Our conversation went just like so until I tired of it and got off the phone. I then proceeded to freak out on my own with only my dog watching me. It was then, sitting at my dining room table, that my brain was like, "WTF! Shut up. Just write something." "Like what?" I yelled back.

Again, silence.

Until my little brain voice got a little louder....and provided me with an answer:

If I have my writing to offer, if my writing provides an escape, a laugh or two, a head nod, a "I'm not the only crazy one" feeling, then that is what it offers. Maybe that is all I have to offer. My words. My honesty. My openness. My opinion. My yearning for calm, connection, and escape and my yearning to help others find calm, connection, and escape.
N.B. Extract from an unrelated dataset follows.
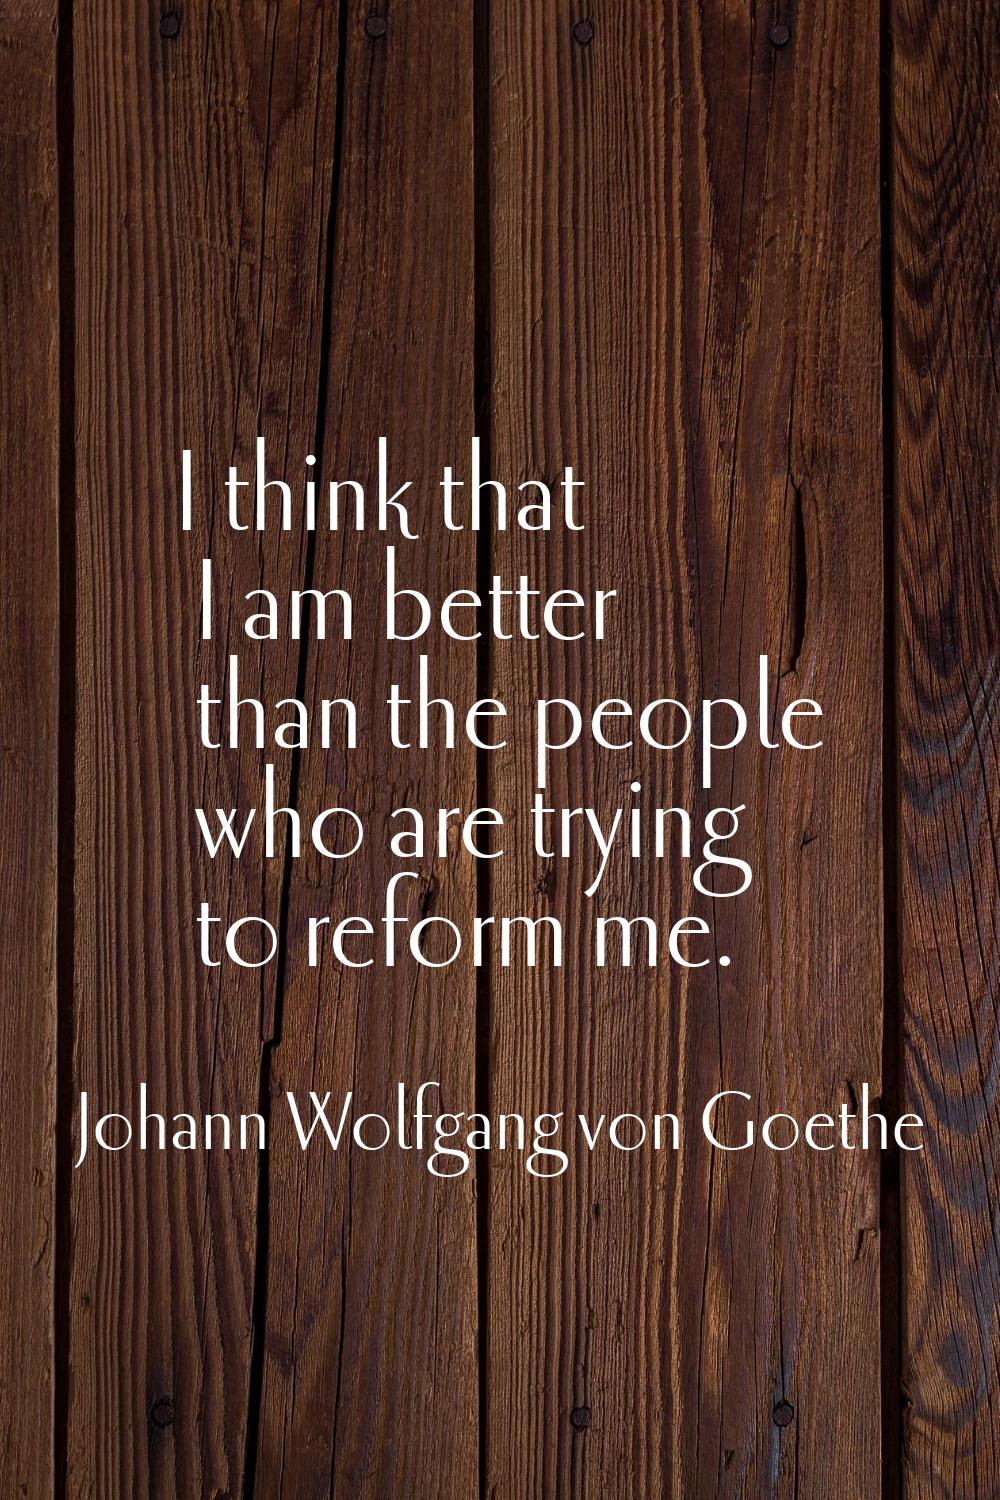 I think that I am better than the people who are trying to reform me.

I realized that if my offering to the world was my writing, then I better get writing...AND I better look at all the things I've already written. Later that day, I thought up a book idea. The next day, I was self-publishing.

I had been playing around with the idea of self-publishing, but it just seemed so daunting. That is until I bought another blogger's eBook and it was in PDF format. Holy Zeus, I can do that, I thought. The question of whether or not I should also came to mind. But something inside of me wasn't having the negativity. It is okay to fail, if you fail, but maybe you won't.

So I did it. Formatted my book of poetry. Signed up for e-junkie and did it. It was not as hard as I thought it was. Was it perfect? No, not at all. I've already made it better and uploaded a newer version, but I did it.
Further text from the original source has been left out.